Artyom Shumansky

Personal information
- Full name: Artyom Olegovich Shumansky
- Date of birth: 25 November 2004 (age 21)
- Place of birth: Vitebsk, Belarus
- Height: 1.85 m (6 ft 1 in)
- Position: Forward

Team information
- Current team: Akron Tolyatti (on loan from CSKA Moscow)
- Number: 99

Youth career
- 2020–2021: BATE Borisov

Senior career*
- Years: Team / Apps / (Gls)
- 2021–2022: BATE Borisov / 24 / (4)
- 2023–2024: Aris Limassol / 17 / (3)
- 2024–: CSKA Moscow / 14 / (1)
- 2026: → Krylia Sovetov Samara (loan) / 10 / (0)
- 2026–: → Akron Tolyatti (loan) / 2 / (0)

International career^{‡}
- 2021–2022: Belarus U19 / 6 / (2)
- 2022–: Belarus U21 / 13 / (2)
- 2024–: Belarus / 7 / (1)

= Artyom Shumansky =

Belarusian footballer

Artyom Olegovich Shumansky (Арцём Алегавіч Шуманскі; Артём Олегович Шуманский; born 25 November 2004) is a Belarusian professional footballer who plays as a forward for Russian club Akron Tolyatti on loan from CSKA Moscow, and the Belarus national team.

==Club career==
On 18 June 2024, Shumansky signed a five-year contract with Russian Premier League club CSKA Moscow.
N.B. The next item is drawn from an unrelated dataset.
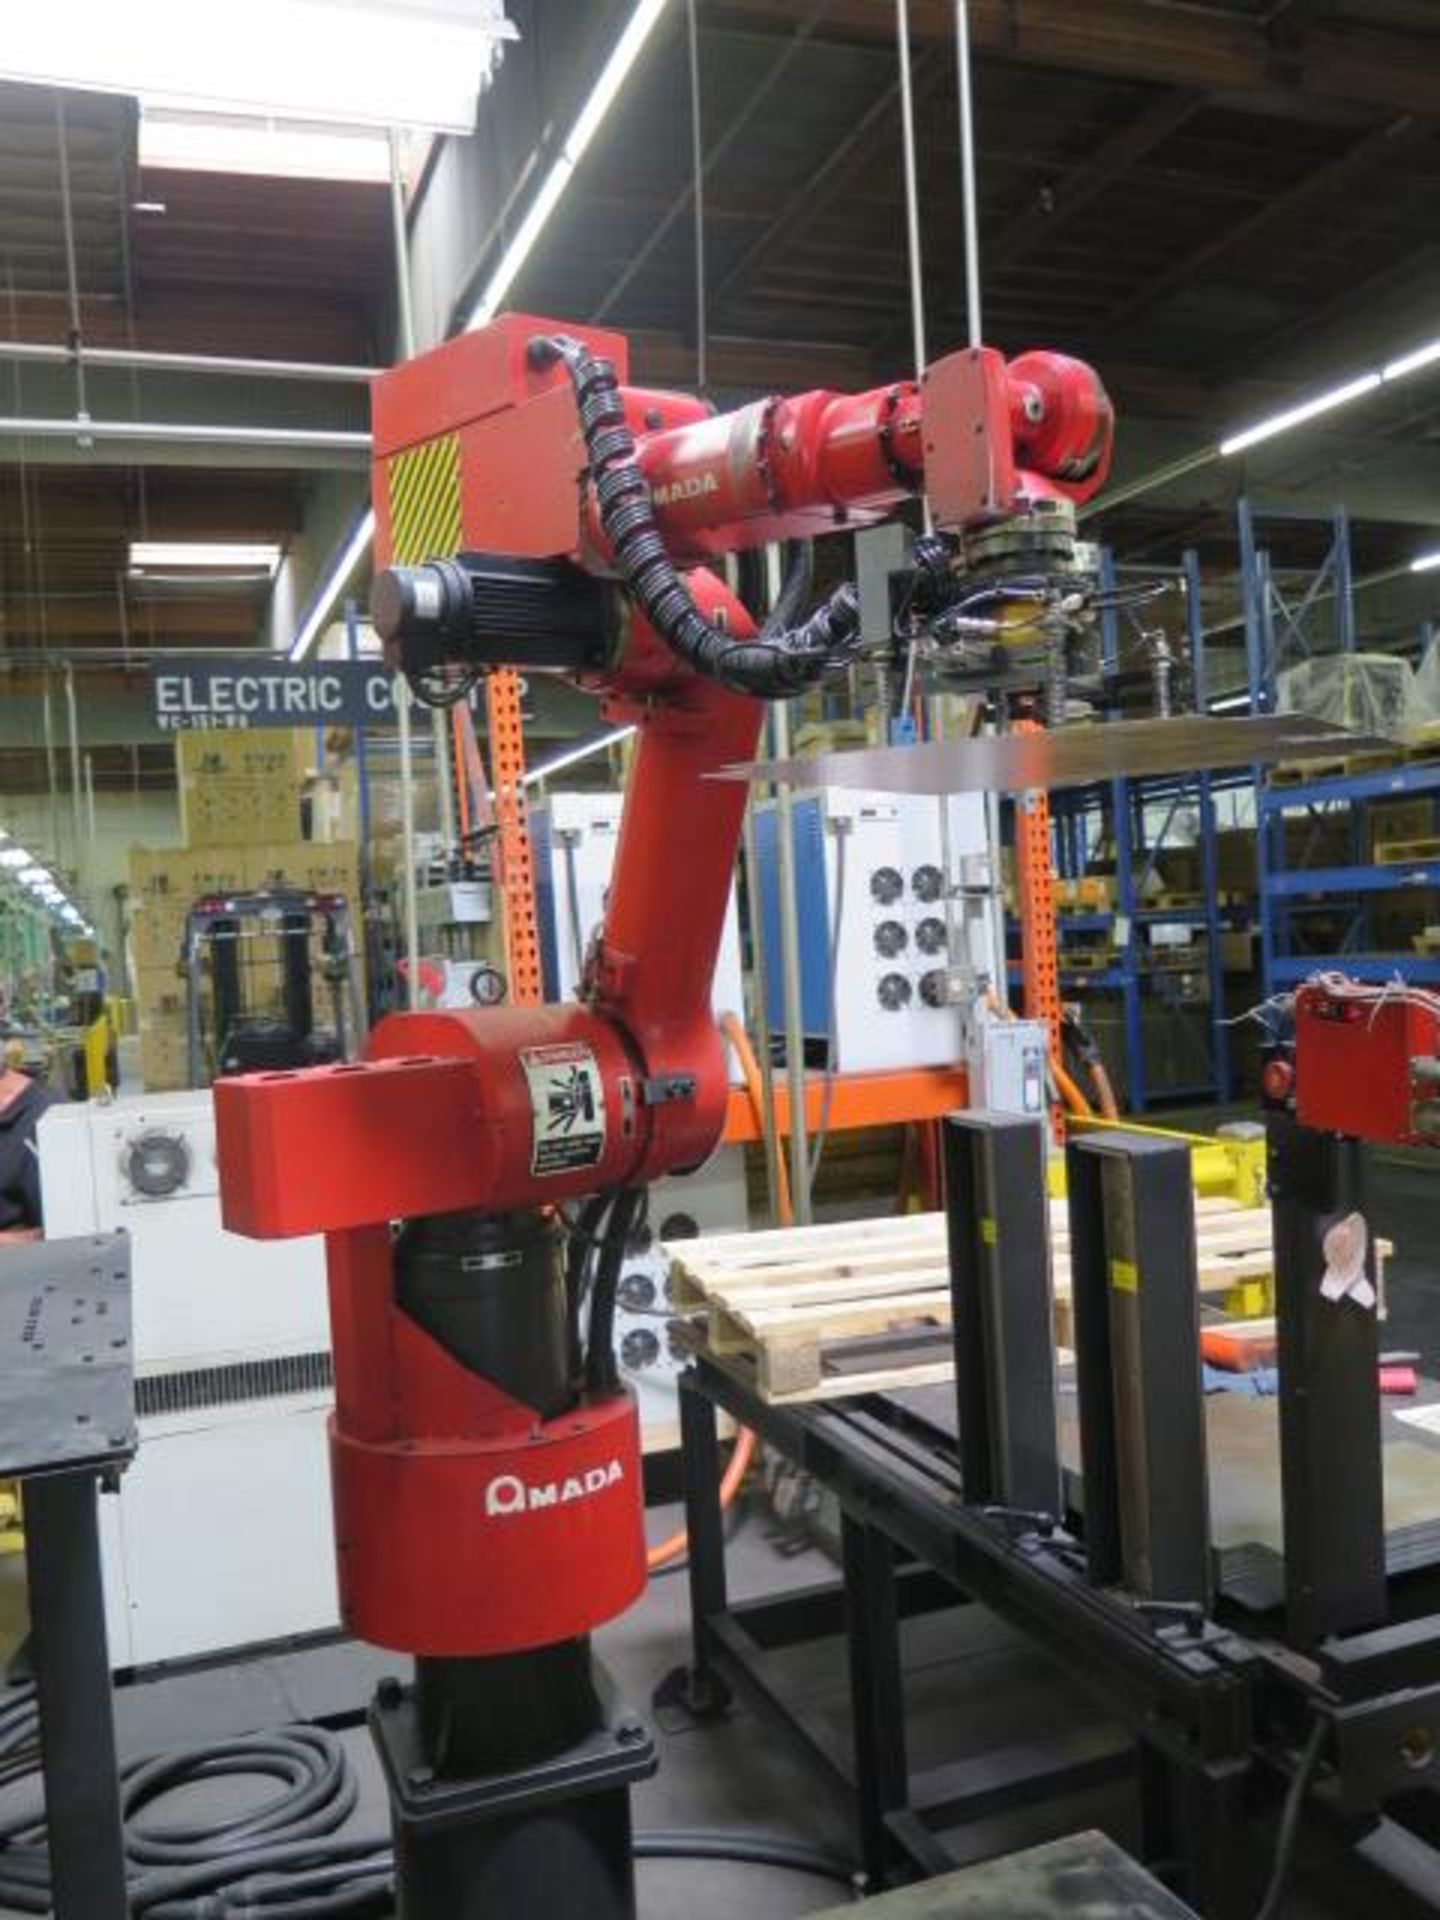 2000 Amada ASTRO-100 mdl.FcxB III-1253 125 Ton x 10' CNC Robotic Bending Cell, SOLD AS IS - Image 31 of 46

On 30 January 2026, he moved on loan to Krylia Sovetov Samara until the end of the 2025–26 season. On 10 September 2026, Shumansky was loaned by Akron Tolyatti.

==International career==
He has represented Belarus internationally at the U19 and U21 levels.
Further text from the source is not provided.